The EUR/USD pair maintained its strong bid tone near multi-day tops, albeit has a muted reaction to upbeat US economic data.
The pair remained stuck around mid-1.0600s after data released from the US showed weekly jobless claims rose less-than-expected, coming in at 239K for the week ended Feb. 10 as compared to previous week’s 234K. Meanwhile, the Philly Fed manufacturing index surpassed even the most optimistic estimates and spiked to 43.3 for February, sharply higher from January’s 23.6.
Other data showed, housing starts coming in at 1.246 million annualize pace and building permits rose more-than-expected at an annualized rate of 1.285 million in January.

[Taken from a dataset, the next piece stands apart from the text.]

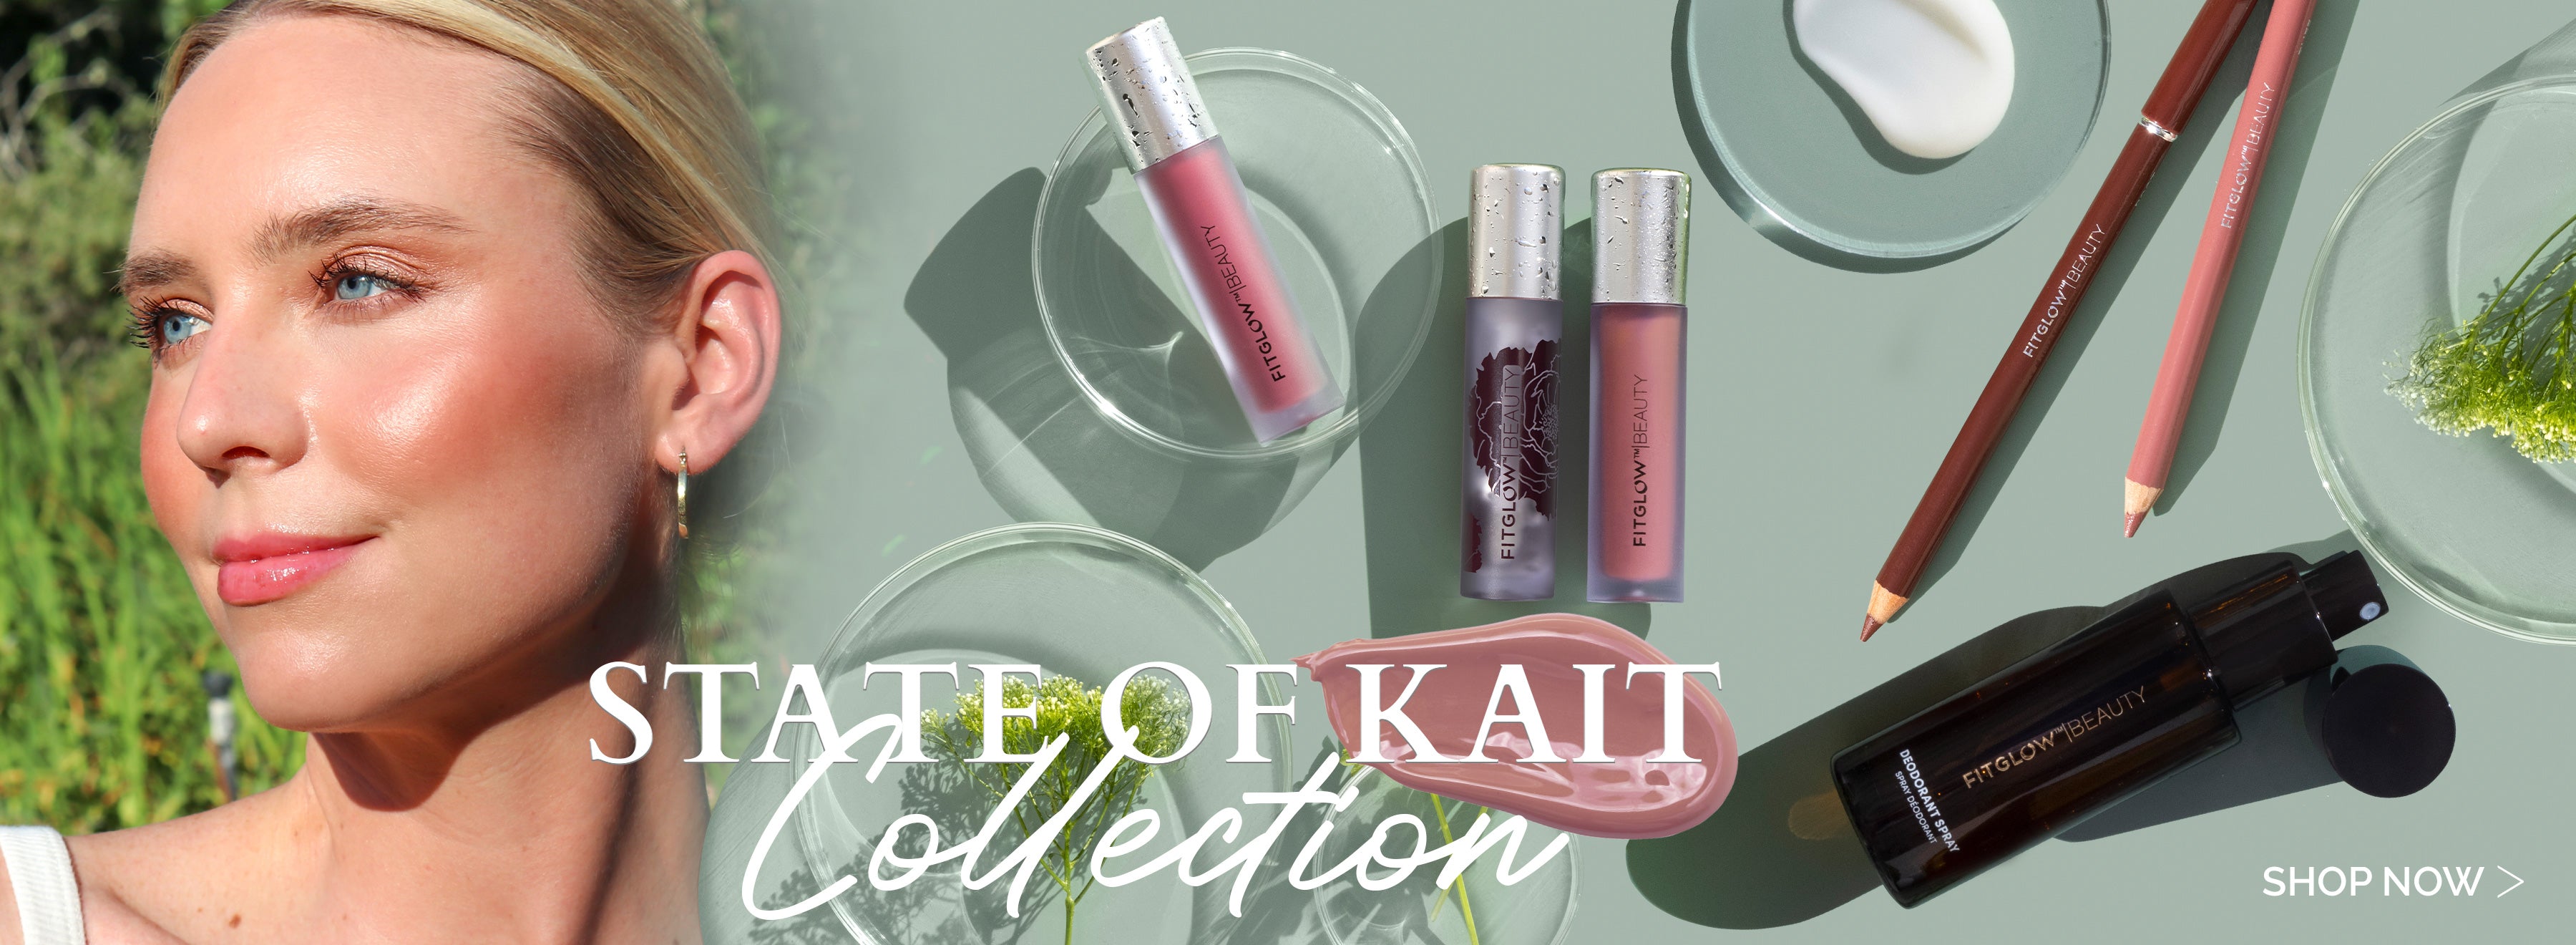 State of Kait Collection - Shop Now
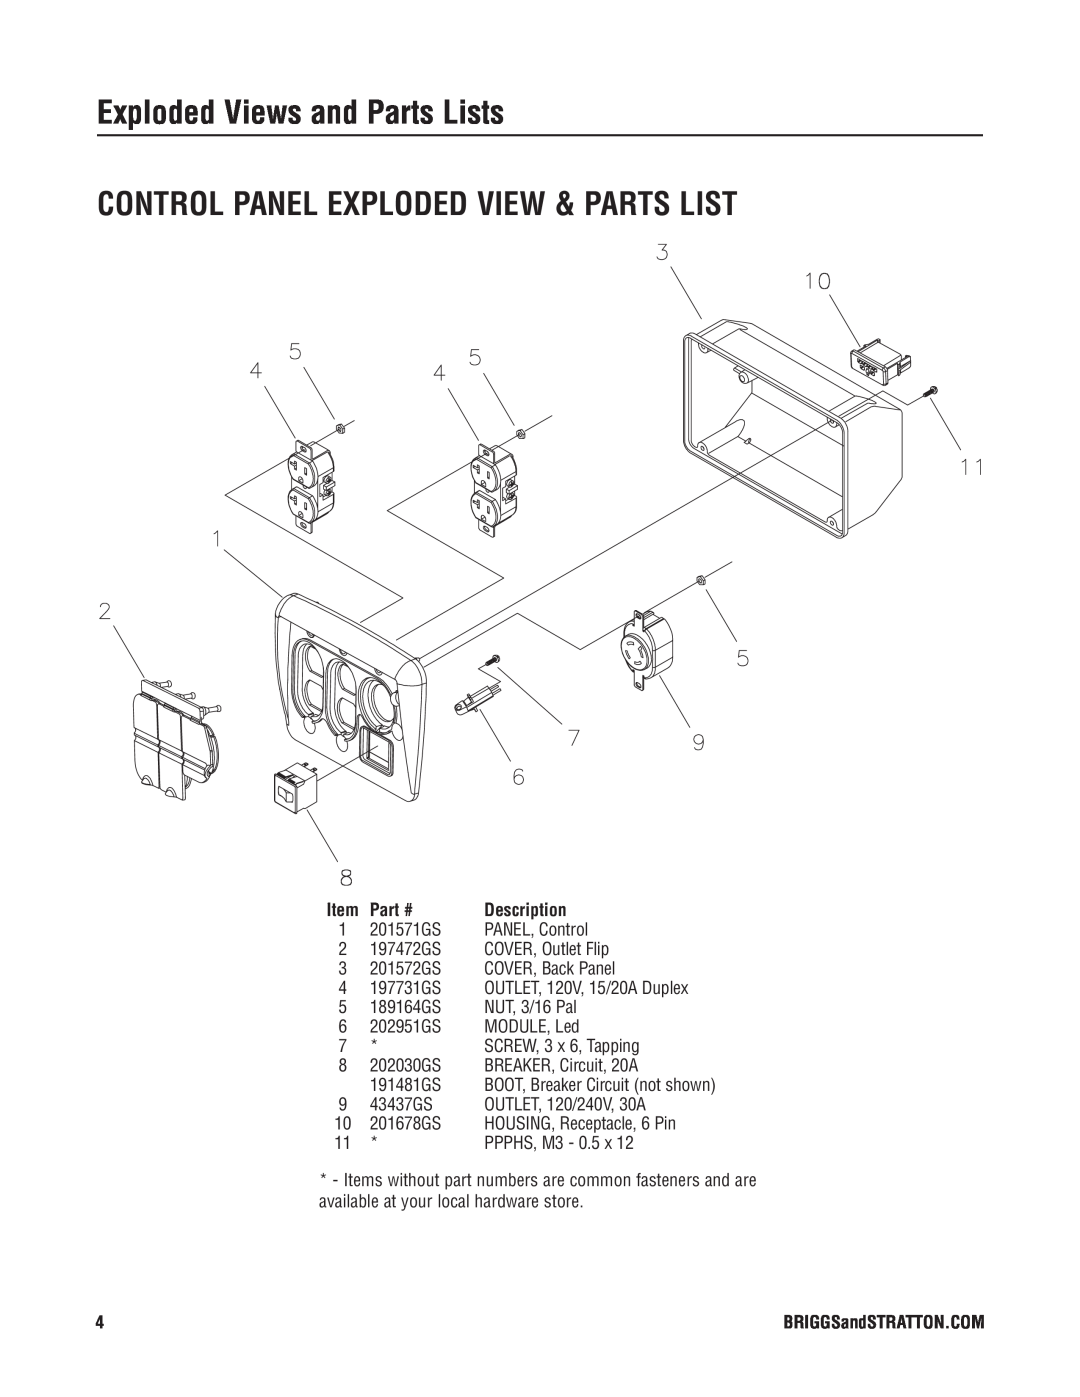 Briggs & Stratton 30424 Control Panel Exploded View & Parts List, 201571GS, Exploded Views and Parts Lists, Description

Yet another batch of upbeat US economic data points failed to provide any immediate respite for the US Dollar bulls. In fact, the key US Dollar Index had a muted reaction to the releases and held on to daily losses near session low around 100.60 regions.
Earlier on Thursday, ECB minutes confirmed central bank’s easing bias by showing its willingness to ignore the temporary rise in the headline inflation and focus on core inflation. The minutes, however, did little to hinder the pair’s ongoing recovery move from over one-month lows touched on Wednesday.
Valeria Bednarik, Chief Analyst at FXStreet notes, “technically, the 4 hours chart shows that the price has broken above its 20 SMA that turned now flat and now acts as dynamic support around 1.0600, whilst technical indicators have entered the bullish territory, maintaining their upward slopes. As long as above the 20 SMA, the risk is towards the upside, as the indicator has been leading the way lower for over a week.”
“An immediate static resistance stands at 1.0660, and further gains beyond the level should lead to an extension up to the 1.0700/20 price zone. 1.0590 on the other hand, is the immediate support, followed by the 1.0550/60 region, this last a probable daily bottom in case of dollar’s gains and no shocking surprises coming from the White Office.”